Figure 19.1 General overview of the pathogenesis of gastric Helicobacter infections in domestic animals. Dotted line: effect only shown in vitro and/or in vivo in some animal species. GGT, gamma‐glutamyl transpeptidase; MALT, mucosa‐associated lymphoid‐tissue; MUC, mucin; OMPs, outer membrane proteins; ROS, reactive oxygen species; Th, T‐helper cell; Treg, regulatory T‐cell; TLR, Toll‐like receptor.

Schematic illustration of immunohistochemical Helicobacter staining of a pig stomach, showing H.

Figure 19.2 Immunohistochemical Helicobacter staining of a pig stomach, showing H. suis bacteria (brown) present in the glands of the antrum of a stomach of a H. suis‐positive pig.


Gastric helicobacters harbor a large set of genes encoding outer‐membrane proteins (OMPs). Comparative genomics showed that gastric NHPH lack all known H. pylori adhesins described so far (Bauwens et al. 2018), suggesting that other OMPs function as adhesins in these organisms. Two Helicobacter‐specific OMP families with possible functions in adhesion (family 13, i.e. Hop, Hor and Hom; and family 33, Hof), as well as an outer membrane phospholipase (OMPLA; family 38) and an Helicobacter‐specific VacA‐like cytotoxin family correlated with colonization capacity (family X3) were identified in all gastric helicobacters (Bauwens et al. 2018). Two Hof proteins, HofE and HofF, have been shown to play a role in the adhesion of H. heilmannii to the gastric mucosa and gastric epithelial cells (Liu et al. 2016). The exact role of the other OMPs in NHPH colonization remains to be further elucidated (Bauwens et al. 2018).

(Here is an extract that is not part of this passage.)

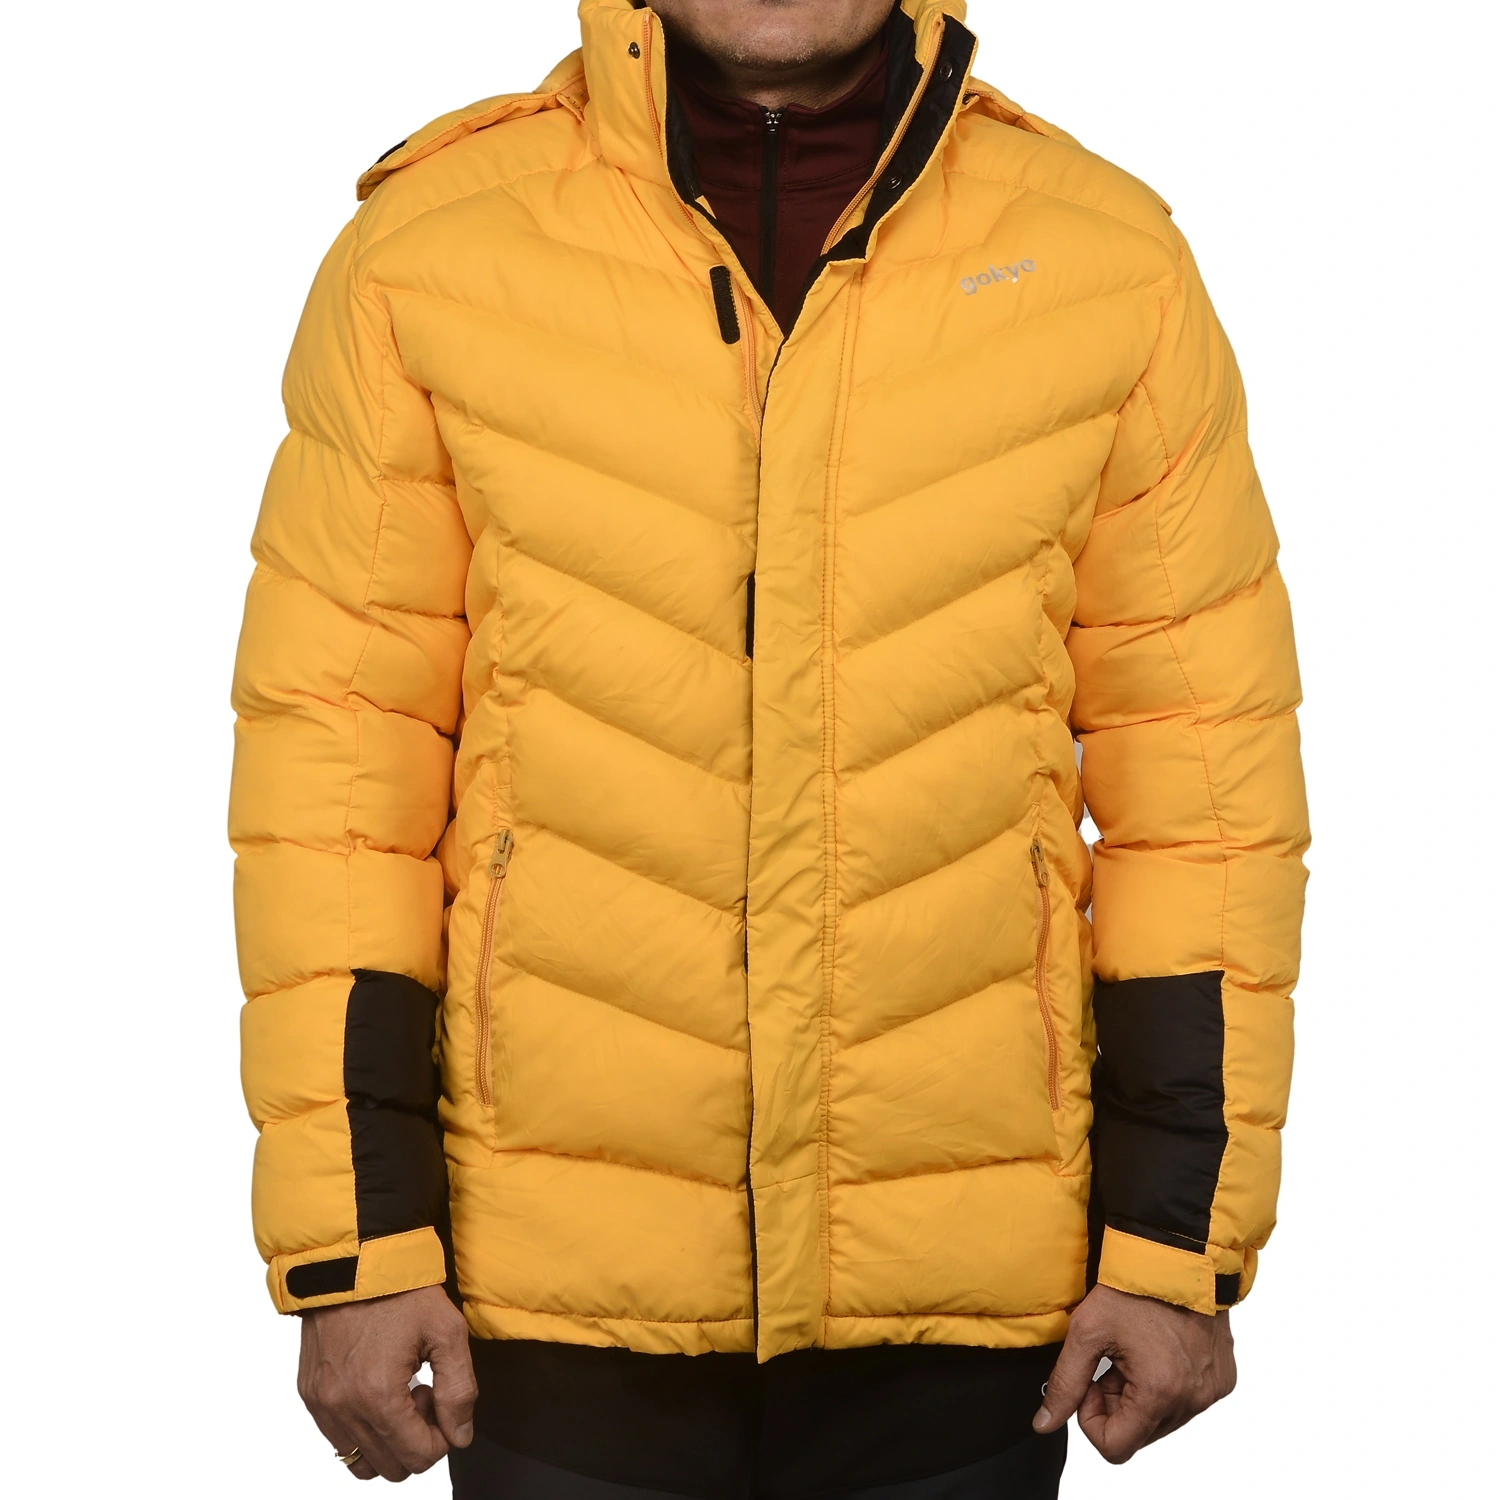 K2 Survivor Down Jacket for Men: Stylized Functionality for Extreme Cold Weather Expeditions (Up to -20°C)-230100

Virulence Mechanisms of Gastric Helicobacters Involved in the Induction of Gastric Pathologies


Cytotoxin‐associated gene pathogenicity island (cagPAI) and vacuolating cytotoxin A (VacA) are major H. pylori virulence factors involved in the induction of gastric pathologies. Both factors, however, are absent in all gastric NHPH, except for H. cetorum which carries a functional VacA toxin.


Gamma‐glutamyl transpeptidase (GGT) is a highly conserved and important virulence factor of gastric Helicobacter species (Figure 19.1) This enzyme hydrolyses glutathione and glutamine into glutamate, after which glutamate supplies energy for the bacterium. Degradation of glutamine and glutathione may lead to a deficiency for the host, possibly initiating and/or promoting several pathologies. In vitro research using human gastric epithelial cells has shown that H. suis GGT causes apoptosis or necrosis, depending in part on the amount of reactive oxygen species generated through degradation of the antioxidant glutathione (Flahou et al. 2011). Oral supplementation of glutamine has been shown to temper H. suis induced gastritis and epithelial proliferation in experimentally infected Mongolian gerbils and naturally infected pigs (Zhang et al. 2015; De Bruyne et al. 2016).


Gastric helicobacters also possess other virulence factors, such as flavodoxin protein (FldA), plasminogen‐binding proteins (PgbA, PgbB), L‐asparaginase II (AnsB), high temperature requirement A (HtrA), collagenase (PrtC) and IceA (Vermoote et al. 2011). For H. pylori, these factors have already been associated with the development of gastric lesions. While AnsB plays a role in the cell‐cycle inhibition of fibroblasts and gastric cell lines (Scotti et al. 2010), FldA has been associated with the pathogenesis of mucosa‐associated lymphoid tissue (MALT) lymphomas (Chang et al. 1999). PgbA and PgbB allow H. pylori to bind to host plasminogen, which may contribute to a delay of the natural healing process of gastric ulcers (Vermoote et al. 2011). HtrA is involved in cleavage of E‐cadherin and thereby contributes to the disruption of the gastric epithelial barrier (Hoy et al. 2010). Collagen becomes degraded through the production of PrtC, (Kavermann et al. 2003). Finally, IceA has been associated with peptic ulcer disease and seems to be induced by contact between epithelial cells and H. pylori (Huang et al. 2016). However, the possible role of these virulence factors in the development of gastric pathologies associated with NHPH infections remains unclear.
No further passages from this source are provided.